Recently, several studies reported that the optimum temperature for the initial slope [IS(Ci)] of the light-saturated photosynthetic rate (A) versus intercellular CO2 concentration (Ci) curve changed, depending on the growth temperature. However, few studies compare IS(Ci) with ribulose 1,5-bisphosphate carboxylase/oxygenase (Rubisco) properties. Here, we assessed Rubisco activation state and in vitro Rubisco kinetics, the main determinants of IS(Ci), in spinach leaves grown at 30/25 [high temperature (HT)] and 15/10 degrees C [low temperature (LT)]. We measured Rubisco activation state and A at a CO2 concentration of 360 microL L(-1) (A360) at various temperatures. In both HT and LT leaves, the Rubisco activation state decreased with increasing temperatures above the optimum temperatures for A360, while the activation state remained high at lower temperatures. To compare Rubisco characteristics, temperature dependences of the maximum rate of ribulose 1,5-bisphosphate (RuBP) carboxylation (Vcmax), specificity factor (Sc/o) and thermal stability were examined. We also examined Vcmax, and thermal stability in the leaves that were transferred from HT to LT conditions and were subsequently kept under LT conditions for 2 weeks (HL). Rubisco purified from HT, LT and HL leaves are called HT, LT and HL Rubisco, respectively. Thermal stabilities of LT and HL Rubisco were similar and lower than that of HT Rubisco. Both Vcmax and Sc/o in LT Rubisco were higher than those of HT Rubisco at low temperatures, while these were lower at high temperatures. Vcmax in HL Rubisco were similar to those of LT Rubisco at low temperatures, and to those of HT Rubisco at high temperatures. The predicted photosynthetic rates, taking account of the Rubisco kinetics and the Rubisco activation state, agreed well with A360 in both HT and LT leaves. This study suggests that photosynthetic performance is largely determined by the Rubisco kinetics at low temperature and by Rubisco Kinetics and the Rubisco activation state at high temperature.

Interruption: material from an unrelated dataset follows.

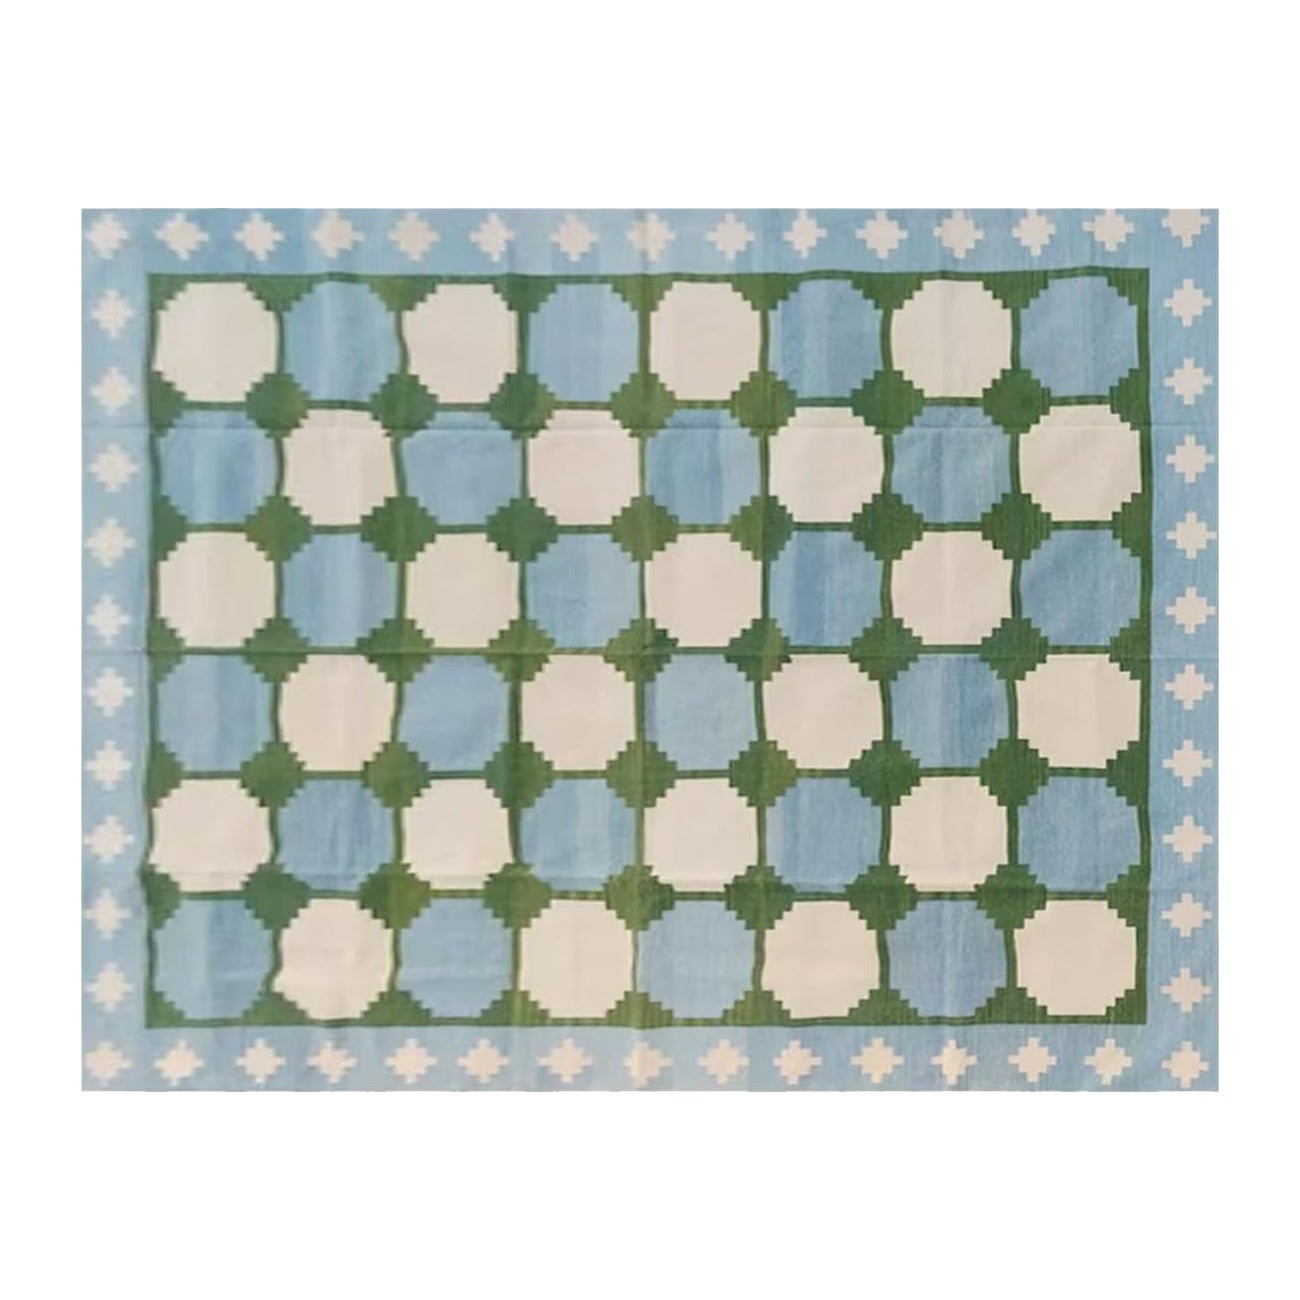 Handmade Cotton Flat Weave Rug, 9x12 Green And Blue Tile Pattern Indian Dhurrie

最近,多项研究报告称,光饱和光合速率(A)与细胞间二氧化碳浓度(Ci)曲线的初始斜率[IS(Ci)]的最佳温度会因生长温度而异。然而,很少有研究将IS(Ci)与1,5-二磷酸核酮糖羧化酶/加氧酶(Rubisco)的特性进行比较。在此,我们评估了在30/25 [高温(HT)]和15/10摄氏度[低温(LT)]下生长的菠菜叶片中Rubisco的活化状态和体外Rubisco动力学,这是IS(Ci)的主要决定因素。我们在不同温度下测量了二氧化碳浓度为360 μL L⁻¹时的Rubisco活化状态和A(A360)。在HT和LT叶片中,高于A360的最佳温度时,Rubisco活化状态随温度升高而降低,而在较低温度下活化状态保持较高。为了比较Rubisco的特性,研究了1,5-二磷酸核酮糖(RuBP)羧化最大速率(Vcmax)、特异性因子(Sc/o)和热稳定性的温度依赖性。我们还研究了从HT转移到LT条件并随后在LT条件下保持2周的叶片(HL)中的Vcmax和热稳定性。从HT、LT和HL叶片中纯化的Rubisco分别称为HT、LT和HL Rubisco。LT和HL Rubisco的热稳定性相似且低于HT Rubisco。在低温下,LT Rubisco的Vcmax和Sc/o均高于HT Rubisco,而在高温下则较低。HL Rubisco在低温下的Vcmax与LT Rubisco相似,在高温下与HT Rubisco相似。考虑到Rubisco动力学和Rubisco活化状态预测的光合速率与HT和LT叶片中的A360吻合良好。这项研究表明,光合性能在很大程度上由低温下的Rubisco动力学以及高温下的Rubisco动力学和Rubisco活化状态决定。